Женщины прыснули, мужики скабрёзно заржали. Народ заметно повеселел.

– Пойду-ка я генератор заведу, – с трудом стерев с лица улыбку, сказал Геннадий, – темнеет. Миш, там соляра осталась ещё?

– Оставалась вроде, – с сомнением ответил Михаил, – помочь?

– Не надо,– Геннадий махнул рукой, тронул тёзку за плечо, – ты тут пригляди, кабы чего…

– Само собой, – ответил тот, отряхивая руки от налипшей шелухи.

– Это кто же тут такой умный? – не без угрозы вопросила Тамара. Мужей она уже отпустила и теперь, развернувшись корпусом к народу и уперев руки в складчатые бока, прочёсывала цепким взглядом ряды односельчан. – Чего скалитесь? На себя посмотрите. А ну, выходь, шутник, плюну в обе твои бесстыжие рожи!

– Угомонись, Тамара, – теперь отец Сергий заговорил громче, в голосе слышалась твёрдость, – не ты одна в таком положении. Всем непросто приходится. Идите домой, там и разберётесь.

– То есть, как это домой? – неподдельно изумилась Тамара. – То есть, как это разберётесь? А ты, батюшка здесь на что? Милиции нет. Начальства никакого нет. Ты у нас тут самый представительный. Уж будь любезен, объясни людям, как им жить-то теперь?

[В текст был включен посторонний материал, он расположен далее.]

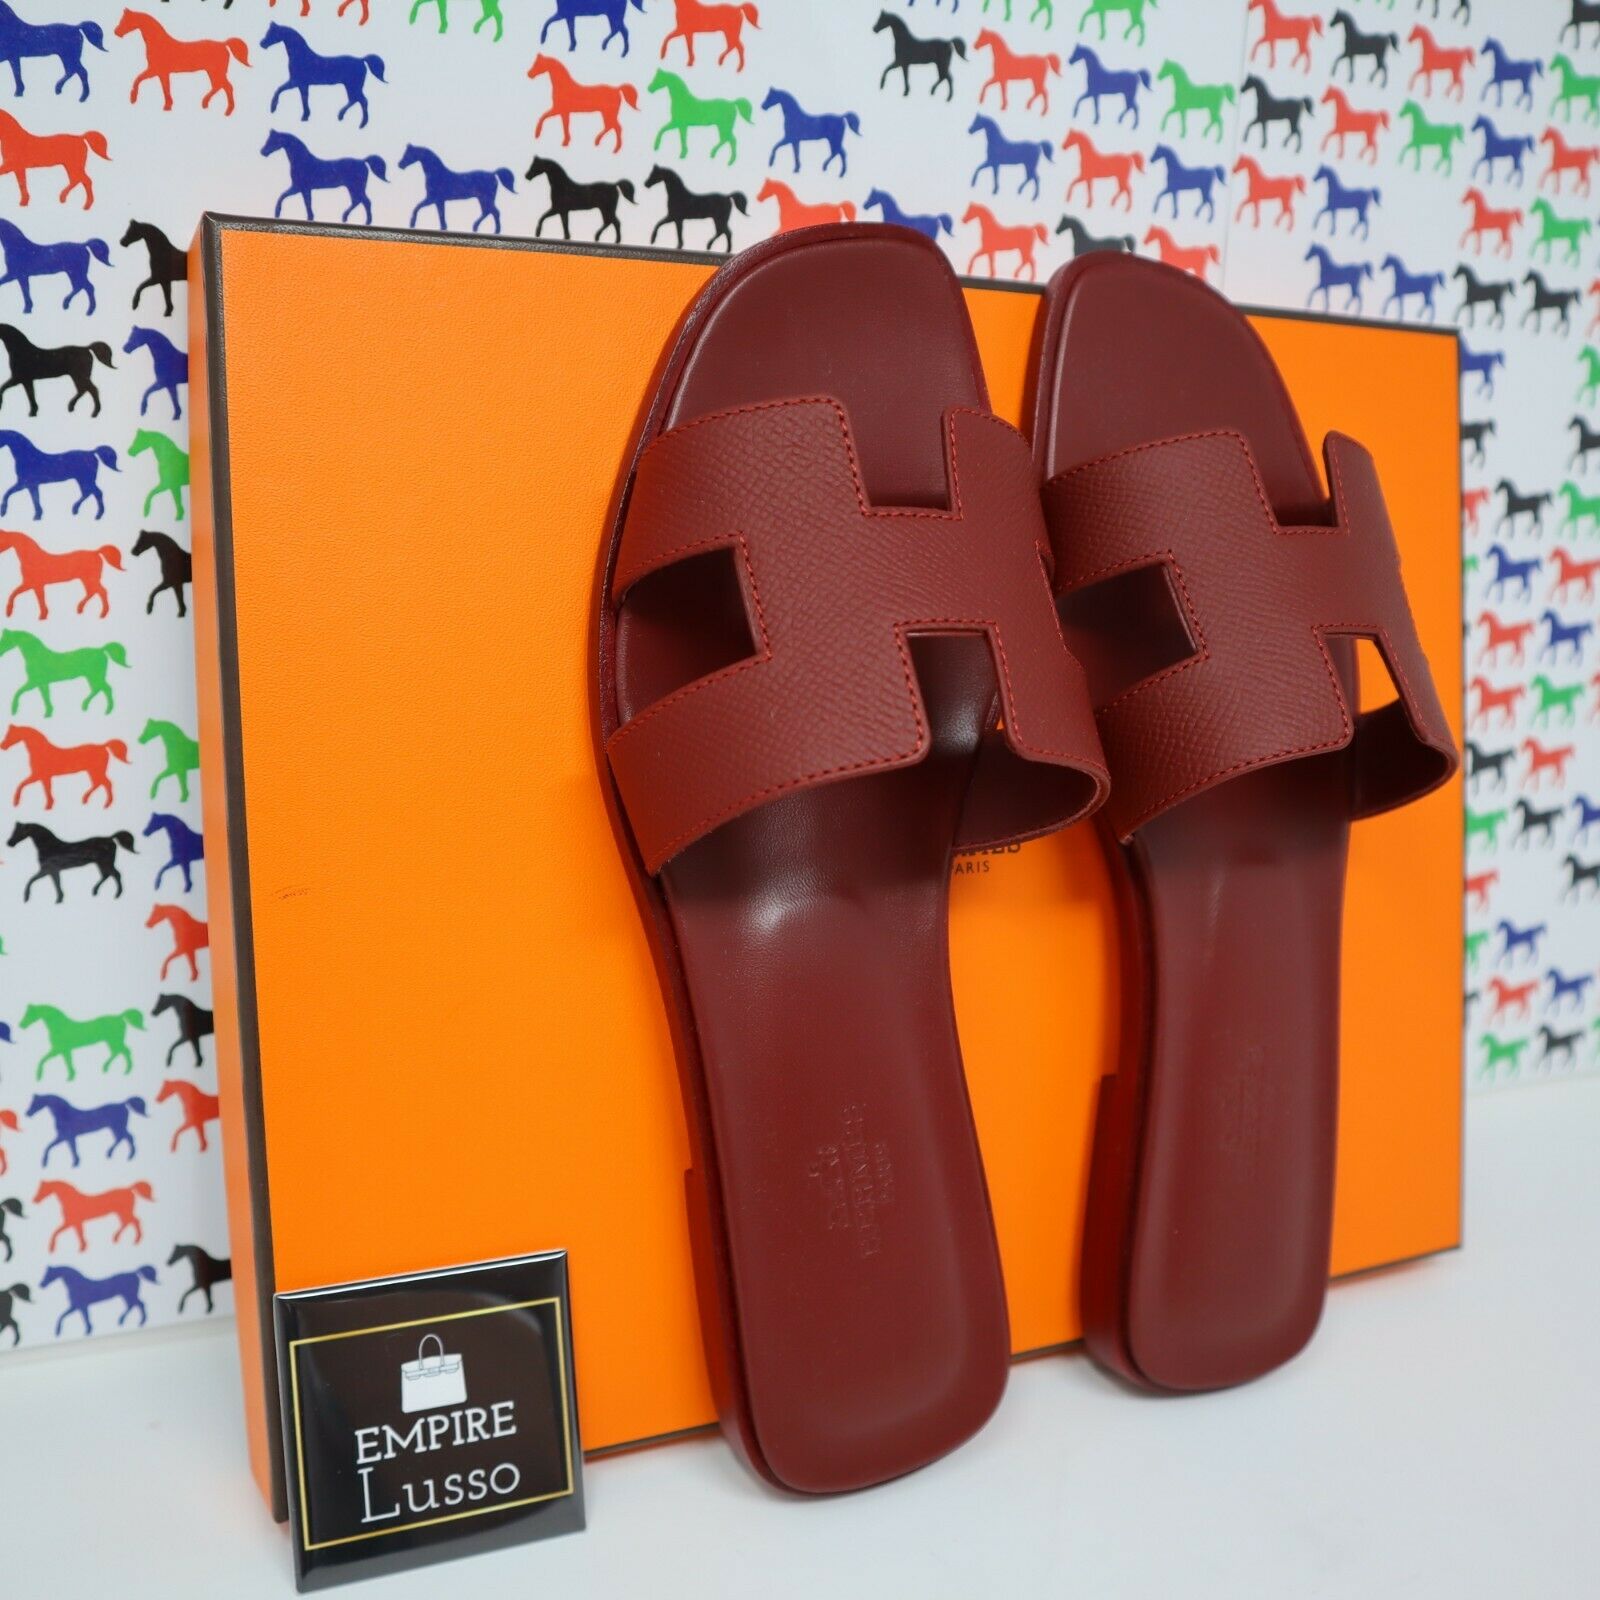 36 NEW HERMES ORAN H SANDALS SLIPPERS CLASSIC EPSOM ROUGE H RED DEEP D –  Empire Lusso

– Но ведь тебя тоже… две, – сдержанно сказал отец Сергий, – две жены, два мужа.

Глаза Тамары сузились до щёлок.

– А ты мне, батюшка, в глаза не тычь. Я это я. А та шалава пусть в хлеву ночует. Я её знать не знаю. Как мне мужа настоящего распознать? Поможешь или нет? Я уж и родинки считала, и в глаза заглядывала, у моего–то левый чуть косит. И зубы пересчитала…

– То–то он у тебя шамкает, – не выдержал кто-то.

– В штаны, в штаны имям загляни, – потешались из толпы, – вдруг они размером отличаются!

– Или у кого-нибудь хрен раздвоился!

Дружный хохот прокатился волной, отразился от стен церквушки, вернулся обратно, затухая.

– А я вообще не пойму, чего ты маешься, – сказали слева, и Геннадий узнал голос Жорика, – давай мы тебя в ислам перекрестим. Там, говорят, можно.

– Дурило, – со знанием дела возразили ему с другого конца, – там двоежёнство разрешается, а не двоемужество.

– Так и не вопрос, – не растерялся Жора, – мы Петьку в ислам перекрестим. Только там, по-моему, обрезание делают. Ты как, Петь, не против?

Съёжившиеся от столь пристального внимания и деликатности темы Пети мучительно решали дилемму: оставаться всеобщим посмешищем или, презрев гнев супруги, под шумок слинять.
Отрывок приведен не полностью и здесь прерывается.